Setup: Each carrier integration has a circuit breaker tracking success/failure rate over a sliding window - say, 100 requests or 10 seconds.
Failure threshold: If more than 50% of requests fail or timeout in that window, trip the circuit to Open. Don't send any more requests to that carrier for 30 seconds.
Fast failure: While Open, immediately reject new messages for that carrier. Either return an error to the customer or route to a backup carrier if available.
Recovery testing: After 30 seconds, enter Half-Open. Send a few test messages. If they succeed, close the circuit and resume normal traffic. If they fail, stay Open for another interval.
Why this matters: Without circuit breakers, you'd have thousands of threads blocked waiting for timeouts to that slow carrier. With circuit breakers, you fail fast and preserve capacity to deliver messages through healthy carriers.
I'd also add metrics and alerting on circuit breaker state transitions so we know when carriers are having issues."
"How would you prevent one large customer from impacting Twilio's other customers?"
"This is exactly what cell-based architecture solves. I'd design multiple fault-isolated cells where enterprise customers get dedicated cells and smaller customers share cells.
Cell structure: Each cell is a full stack - API gateways, workers, databases, message queues - deployed in its own VPC with its own capacity.

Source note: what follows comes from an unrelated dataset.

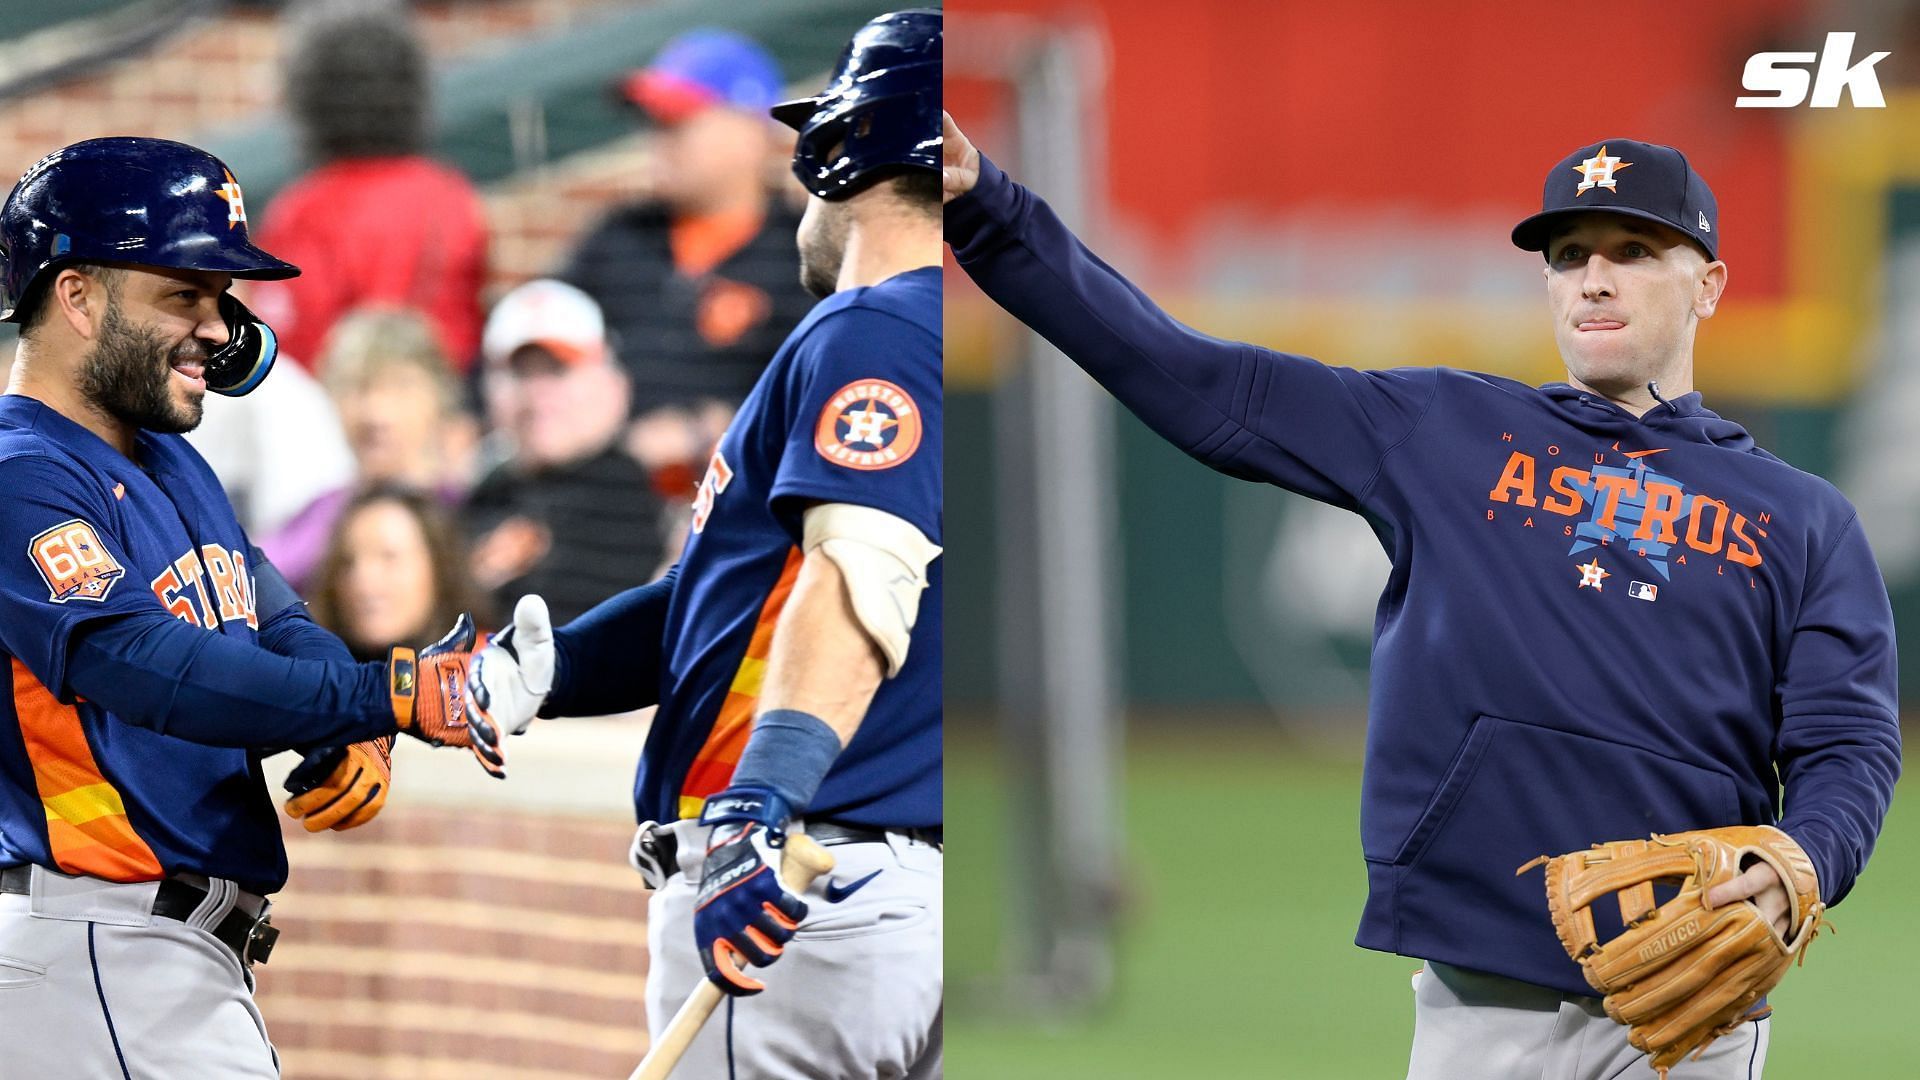 Alex Bregman has given Jose Altuve one of the best compliments possible

Tenant → cell mapping: Routing layer maps account_id to cell_id. Enterprise customer 'ACME Corp' routes to Cell-ACME. Thousands of small customers route to Cell-Shared-1, Cell-Shared-2, etc.
Blast radius: If ACME sends a burst of 1 million messages and overwhelms their cell, it only affects them. Cell-Shared-1 is completely isolated.
Within shared cells, further isolation: Rate limiting per account. Thread pool bulkheads for different operations. Connection pool limits.
Resource efficiency: Shared cells run at higher utilization. Dedicated cells have reserved capacity but may be underutilized - that's the price of isolation.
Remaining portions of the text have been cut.